Good conclusions usually refer back to the question or title and address it directly - for example by using key words from the title.
How well do you think these conclusions address the title or question? Answering these questions should help you find out.

  1. Do they use key words from the title or question?
  2. Do they answer the question directly?
  3. Can you work out the question or title just by reading the conclusion?
  • Choose three poems from the pre-1914 section of your anthology which present different views of love. Compare the poems considering carefully the language the poets have decided to use and its effects on the reader.

    "In conclusion love in these poems is portrayed in a number of different ways. 'My Last Duchess' is very cold poem where the woman is objectified and there is a distorted view of love. There is also little passion shown. 'Porphyria's lover' is quite a passionate poem, which portrays the woman as respectable and brilliant. However the love becomes sinister as in 'My last Duchess'. 'To his Coy Mistress' is much more light hearted than the others and is comic. The poem is quite passionate, but lust is the form of passion and that is not true love, but a love that like in 'My Last Duchess' objectifies the woman. Also the women in the two poems are seen as less important as in 'Porphyria's Lover' which represents the woman as the most important thing in the world. Therefore Browning poems are more sinister and different to Marvell which is more like Donne as their poems are more comic and lustful."

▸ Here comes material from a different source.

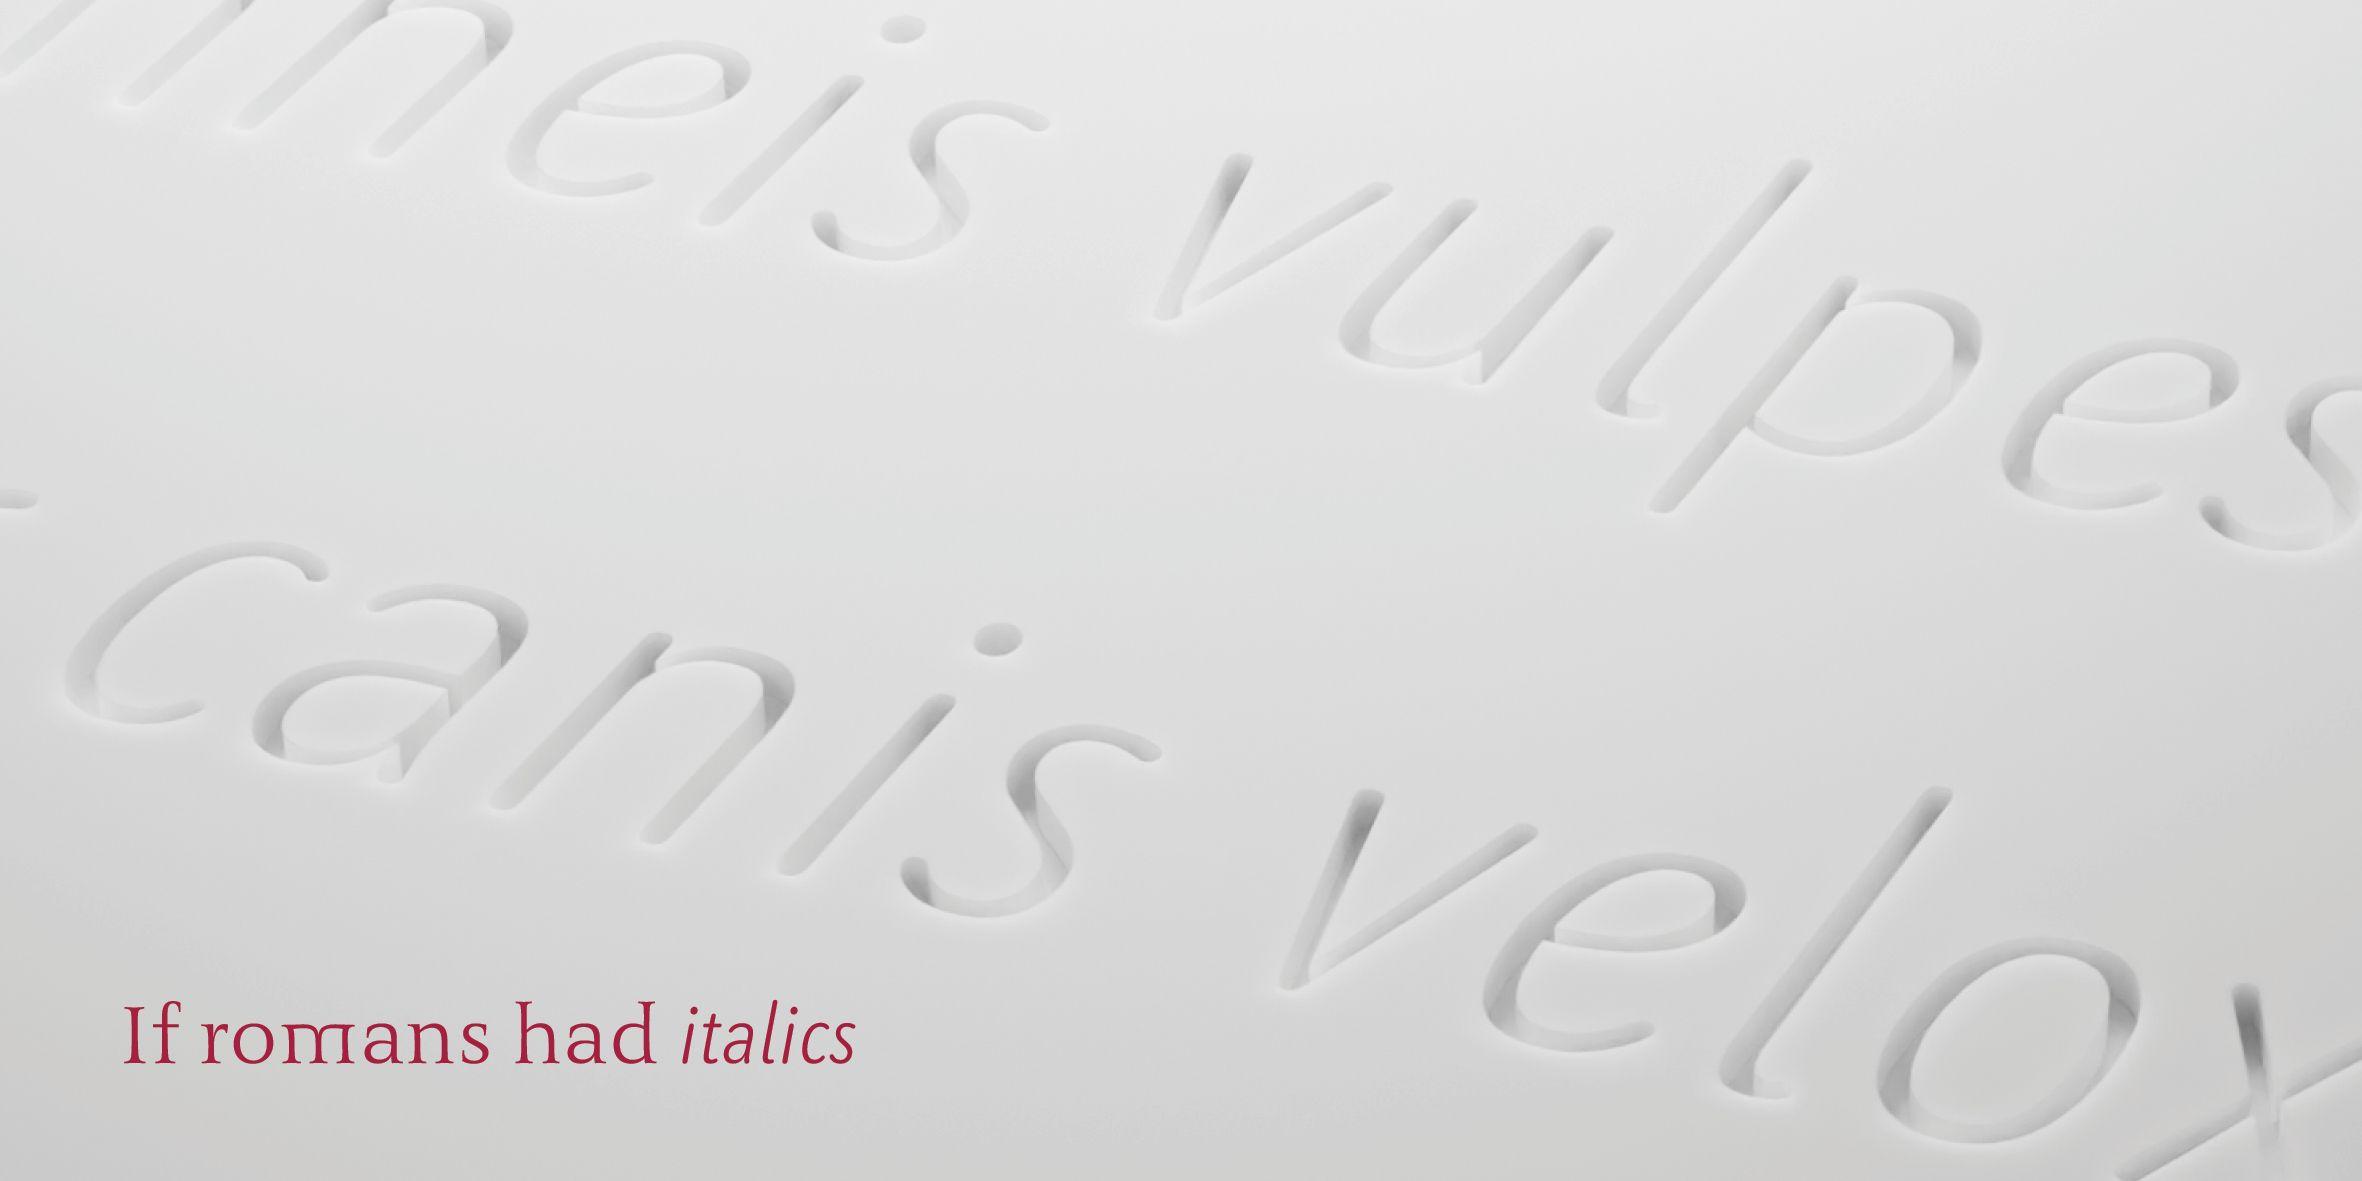 3D-Rendering zeigt die Benedikt Kursiv, eingraviert in eine wachsartige, weiße Oberfläche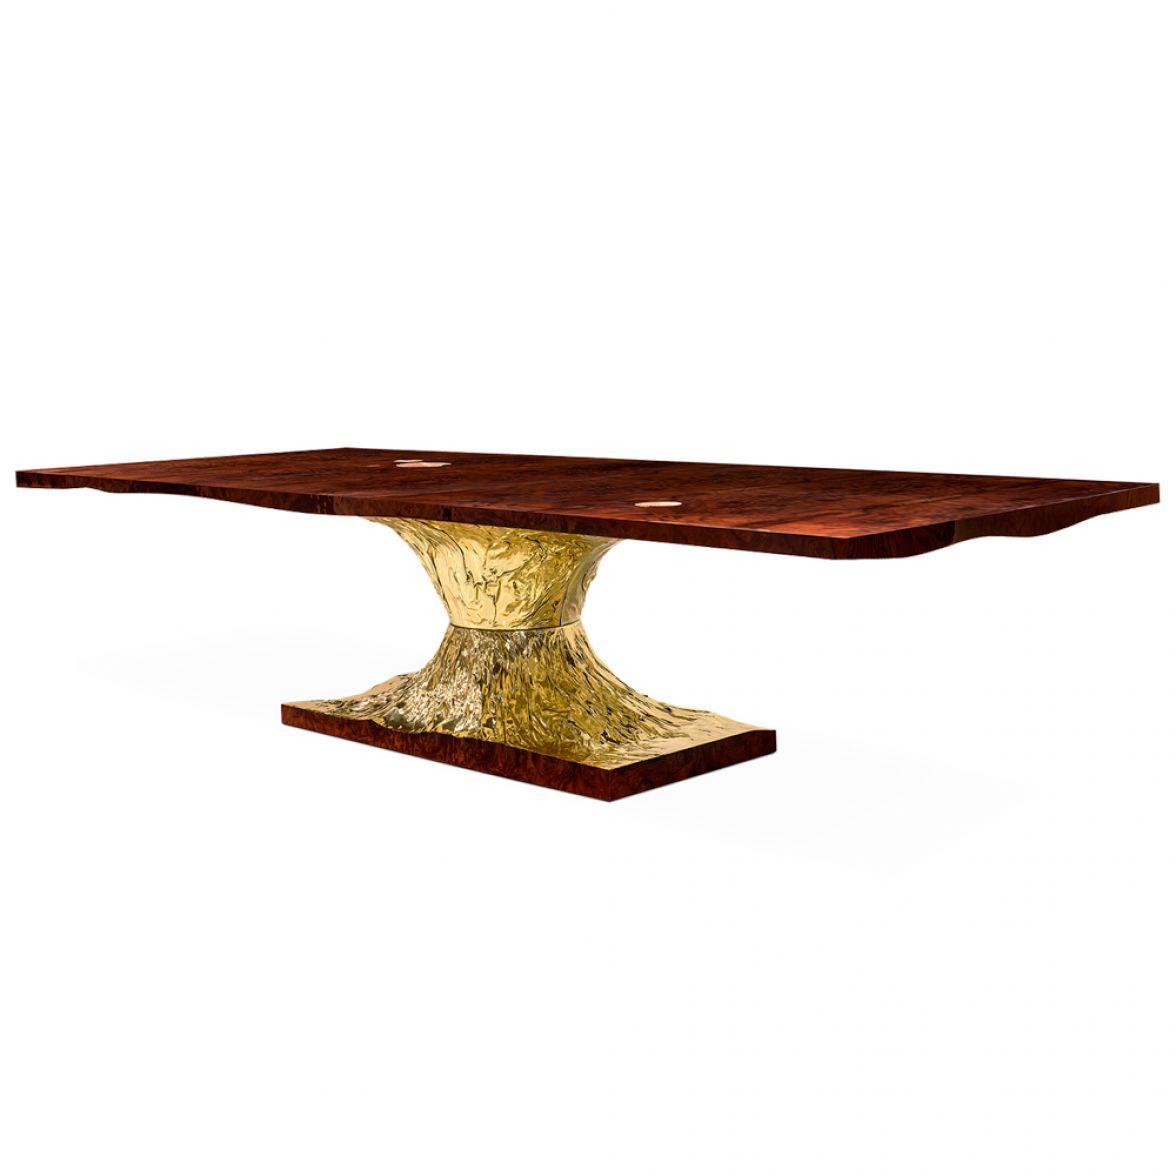 METAMORPHOSIS DINING TABLE

  • Compare Shakespeare's sonnets 18 and CXXX.

    "Which brings up a theme: irony. Both poems give us an unexpected conclusion, one that proves ironical in both cases. In both cases, of course, the poet maintains his love, which is the strongest element, not nature. And this is the strangeness of the poems. We generally think of the power of nature to overrule all. There is a theme of "unchanging love." But you might consider instead a theme closer to "all important love." Neither of these poems actually says that love will remain permanent. Sonnet 18 tells us that beauty will, and Sonnet 130 shows us that his love is strong even if the woman has flaws. But both poems demonstrate the sheer dominating power of love, a power even over Nature. And this is powerful indeed."

  • Compare and contrast "The Rendezvous" by Stanley J. Thomas, "To His Coy Mistress" by Andrew Marvell and "Shall I compare thee to a summer's day?" by William Shakespeare.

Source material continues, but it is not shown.